Aegis supports two compilation modes: transpiler mode and compiler mode. The compiler mode supports CPU and GPU targets.

  • Transpiler mode

    • In transpiler mode, to generate source code for the CPU target, the built-in MLIR generated by the onnx-mlir (integrated in the Aegis frontend) is transformed using user-defined chain technique in the compilation domain, converting the built-in MLIR into a secret dialect, then secret dialects are progressively lowered to the MLIR emitC dialect, where fully homomorphic encryption operations are converted into function calls to the FHE cryptographic library wrappers (e.g., openFHE). Finally, the emitC dialect is converted into the actual *.cpp files through transformation pass.
  • Compiler mode

    • CPU Target To generate CPU target object files, the built-in MLIR generated by onnx-mlir integrated into the Aegis frontend is transformed using user-defined chain technique in the compilation domain, converting the built-in MLIR into a secret dialect.
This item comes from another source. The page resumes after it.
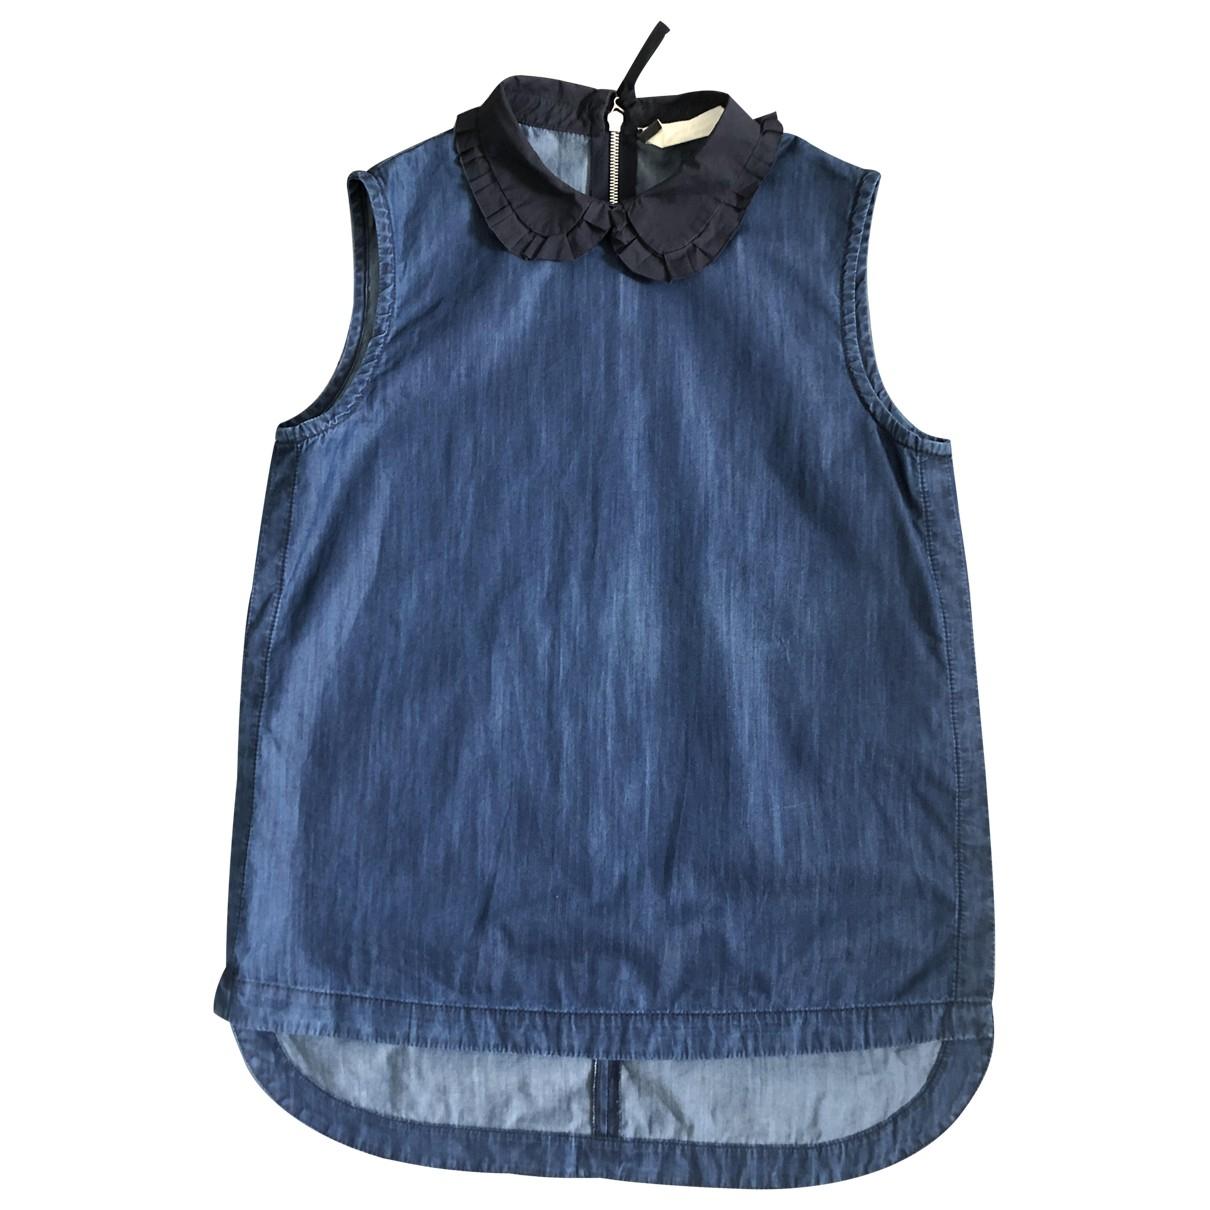 Marni - Top   pour femme en denim - bleu

Then, Aegis applies standard high-level optimization pass and lowers the secret dialect to a dialect specific to the selected FHE scheme (e.g., CKKS dialect, BFV dialect, BGV dialect, etc.). This FHE scheme dialect is then lowered to LLVM IR, which includes C API function calls to the FHE cryptographic libraries (e.g., openFHE). Finally, the LLVM IR is compiled and linked with the FHE library to produce the target executable file.
    • GPU Target To generate GPU target object files, the built-in MLIR generated by onnx-mlir integrated into the Aegis frontend is transformed using user-defined chain technique in the compilation domain, converting the built-in MLIR into a secret dialect. Then, Aegis applies standard high-level optimization pass and lowers the secret dialect to a dialect specific to the selected FHE scheme (e.g., CKKS dialect, BFV dialect, BGV dialect, etc.). This FHE scheme dialect is then lowered to the GPU dialect and further lowered to LLVM IR, which includes CUDA API function calls for the FHE cryptographic libraries (e.g., cuFHE). Finally, the LLVM IR is compiled into an NVPTX assembly file compatible with the NVIDIA GPU platform and linked with the CUDA toolkit to generate the GPU target executable file.

Each transformation or lowering step involves multiple optimization pass.